India’s Finance Ministry declared that inflation can’t be the primary concern of policy makers on the eve of a rate decision by the central bank.
Declines in commodity and wholesale prices show that inflation isn’t the country’s biggest worry right now, a Finance Ministry official told reporters in New Delhi on Monday. He asked not to be identified, citing ministry rules.
The comments reflect increased tensions between the Finance Ministry and central bank over its focus on containing one of Asia’s fastest inflation rates. The ministry released a draft bill last month that would give the government control over a proposed rate-setting committee, putting it at odds with a central bank recommendation.
All but three of 42 economists in a Bloomberg survey expect central bank Governor Raghuram Rajan to hold the benchmark interest rate at 7.25 percent on Tuesday. The others expect a 25 basis-point cut.
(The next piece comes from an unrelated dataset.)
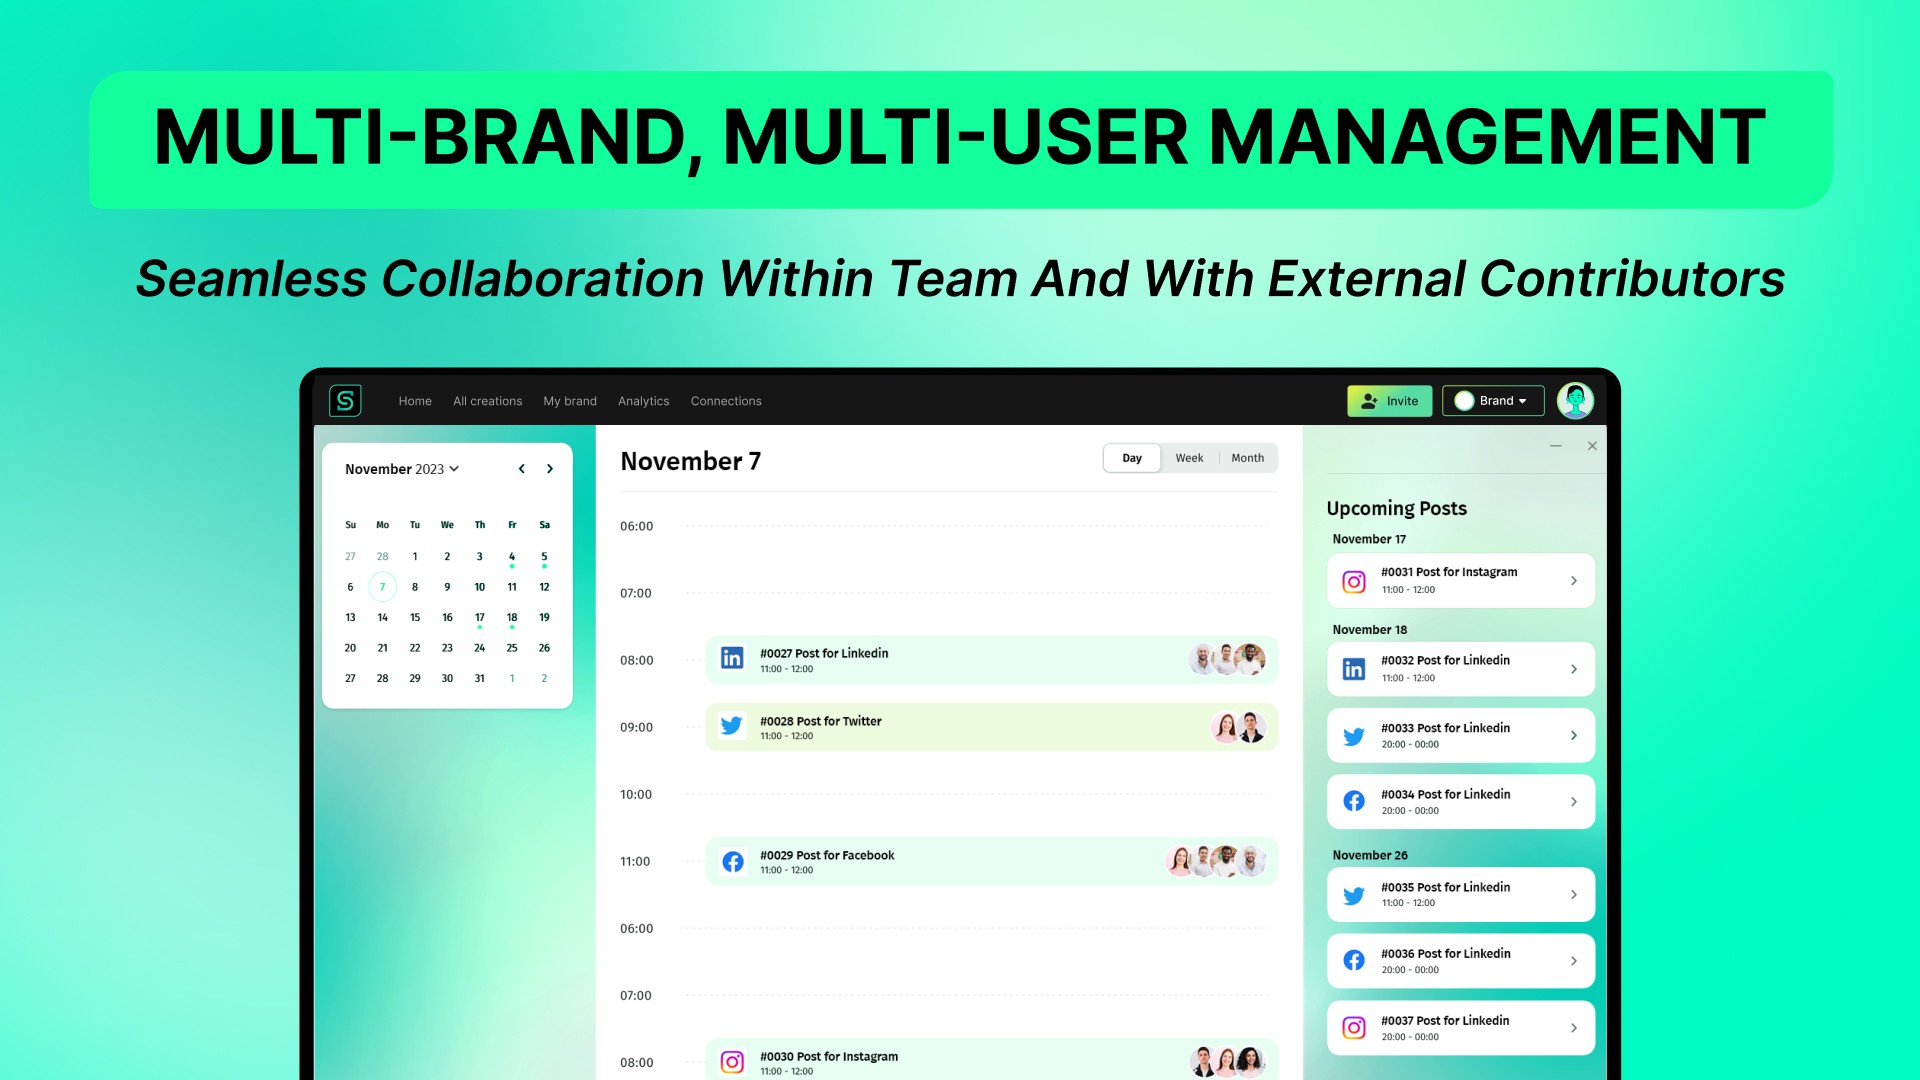 Multi-user management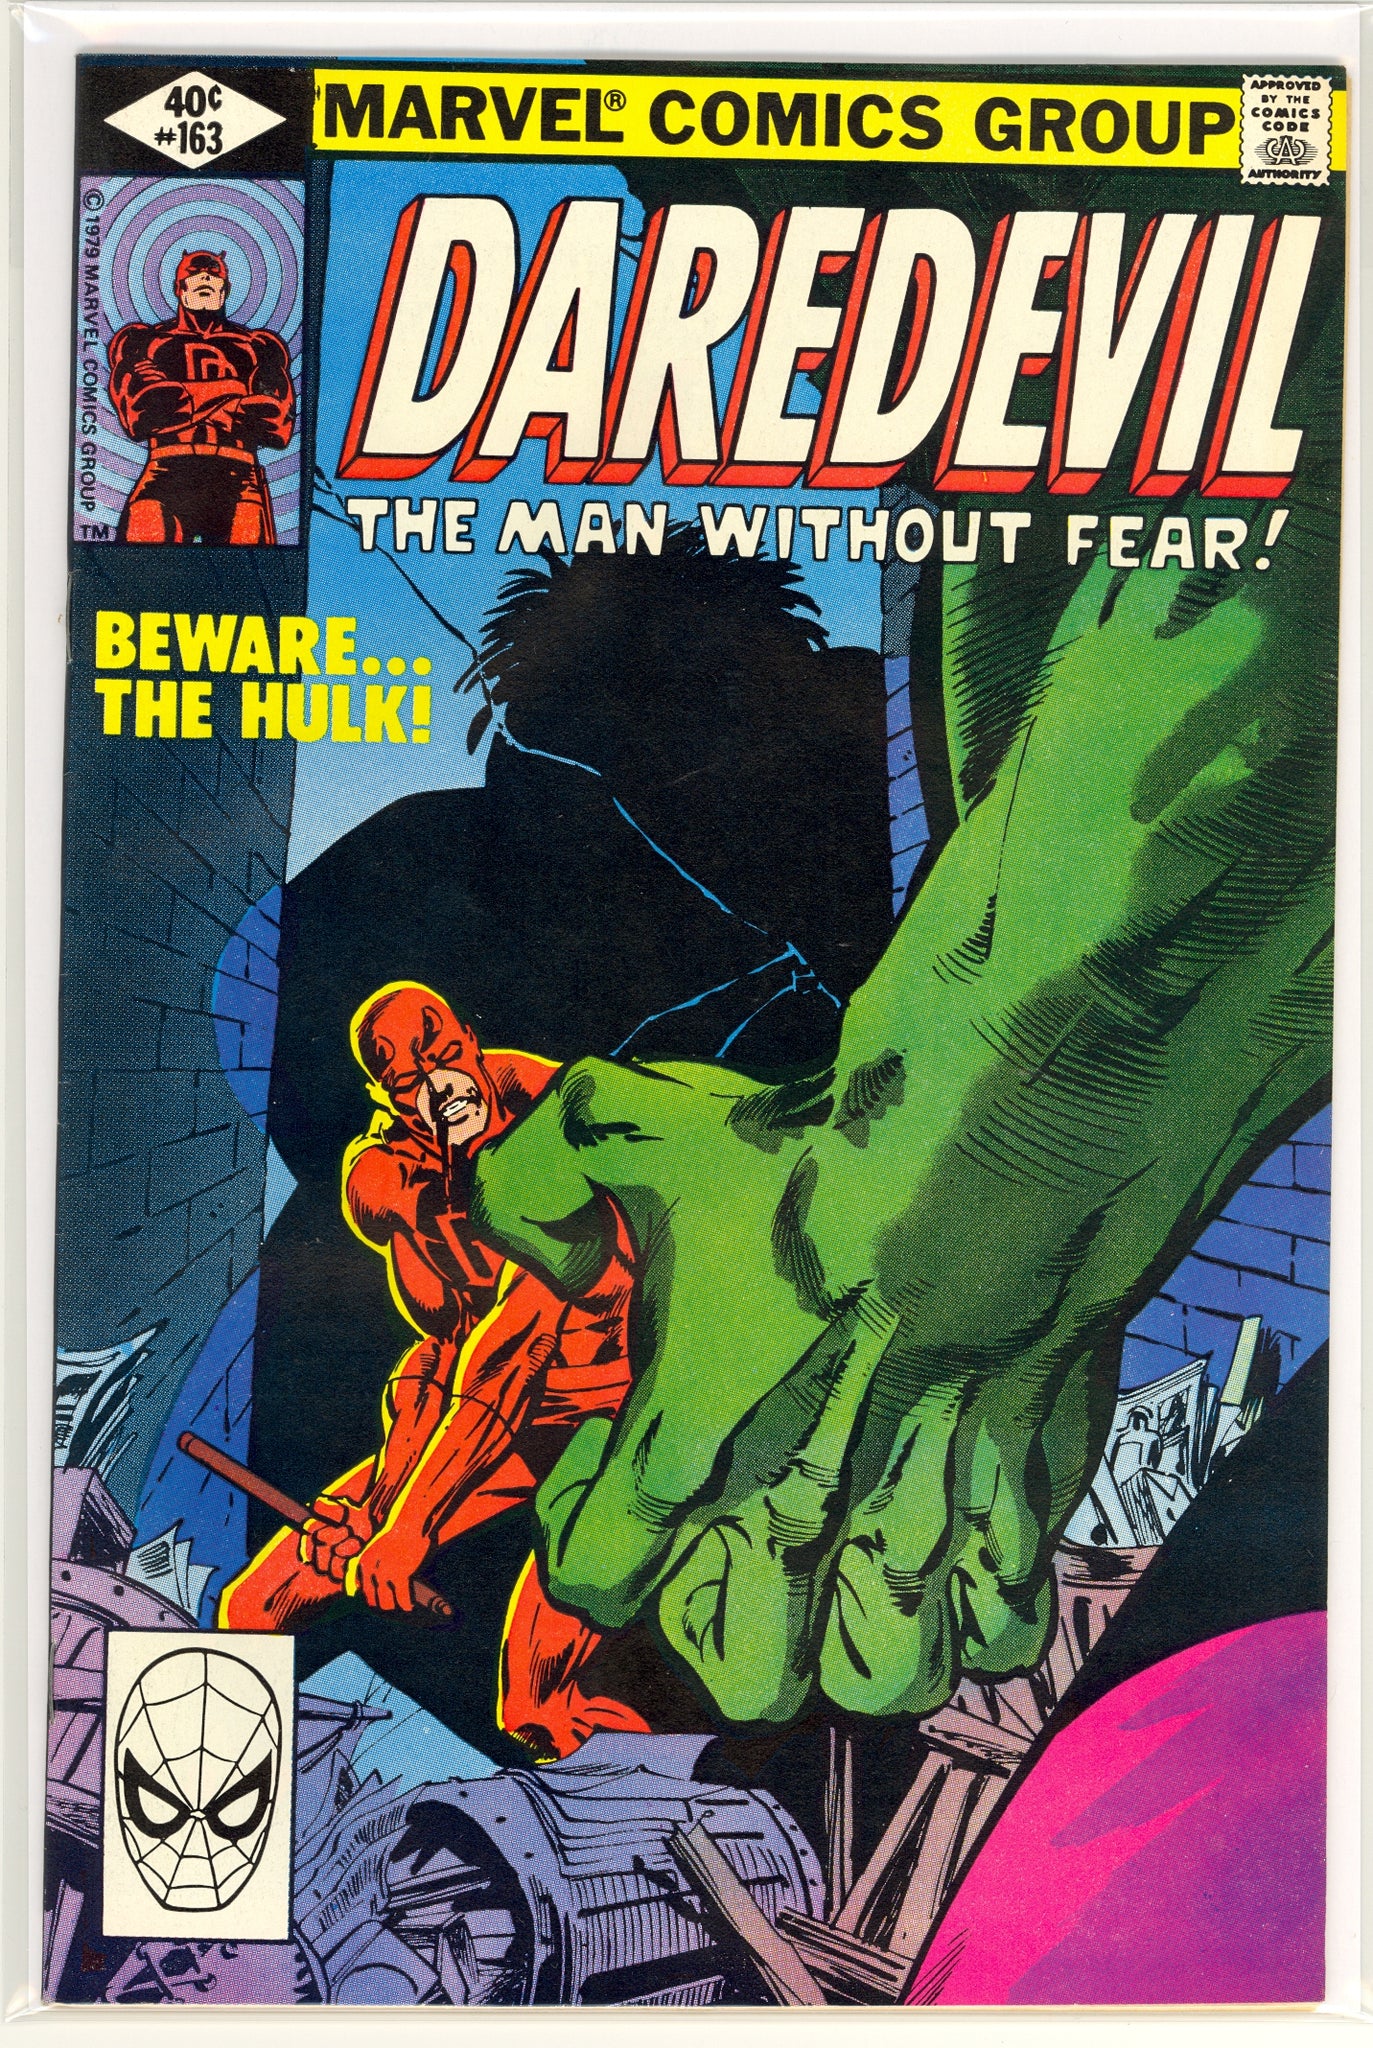 Daredevil #163 (1979) Hulk

Rajan has cut the rate three times this year, easing along with China.
“There is tension because the government is keen to get growth going, and the RBI is not obliging,” said Rajiv Kumar, a former adviser with the Finance Ministry who also has worked as a principal economist at the Asian Development Bank. “The RBI is inclined to keep the rates as they are because its forecast for CPI is higher.”
Investors have started to become less optimistic about Prime Minister Narendra Modi’s ability to jump start India’s economy. The benchmark S&P BSE Sensex has gained 2.5 percent this year, compared with 30 percent in 2014.
While Modi’s government agreed to an inflation target of 2-6 percent earlier this year, the draft bill threatens to water down the proposal. In addition to giving the government majority control of a monetary policy committee, it also calls to review the inflation target every three years.
One point of contention is the use of the consumer price index as the policy anchor. A record divergence with the wholesale price index -- at one point the main gauge -- has spurred a debate over the central bank’s inflation target, with Modi’s top economic adviser calling for a reassessment.
“The Finance Ministry has made no bones about their belief that the RBI should cut rates to help stimulate growth,” said Milan Vaishnav, associate in the South Asia Program at the Carnegie Endowment for International Peace, adding that the new inflation-targeting regime reduces room for Rajan. “If the RBI does not cut rates, the government may be bitter -- but it will not come as a surprise.”
Consumer price inflation accelerated 5.4 percent in June from a year earlier and is forecast to increase toward the central bank’s 6 percent target by January. Wholesale prices fell 2.4 percent, having declined each month this year.
Control of a monetary policy committee is one of the final pieces of Rajan’s plan to modernize the 80-year-old central bank and put it on par with countries such as the U.S. and the U.K. He traditionally gives a press conference after each rate decision.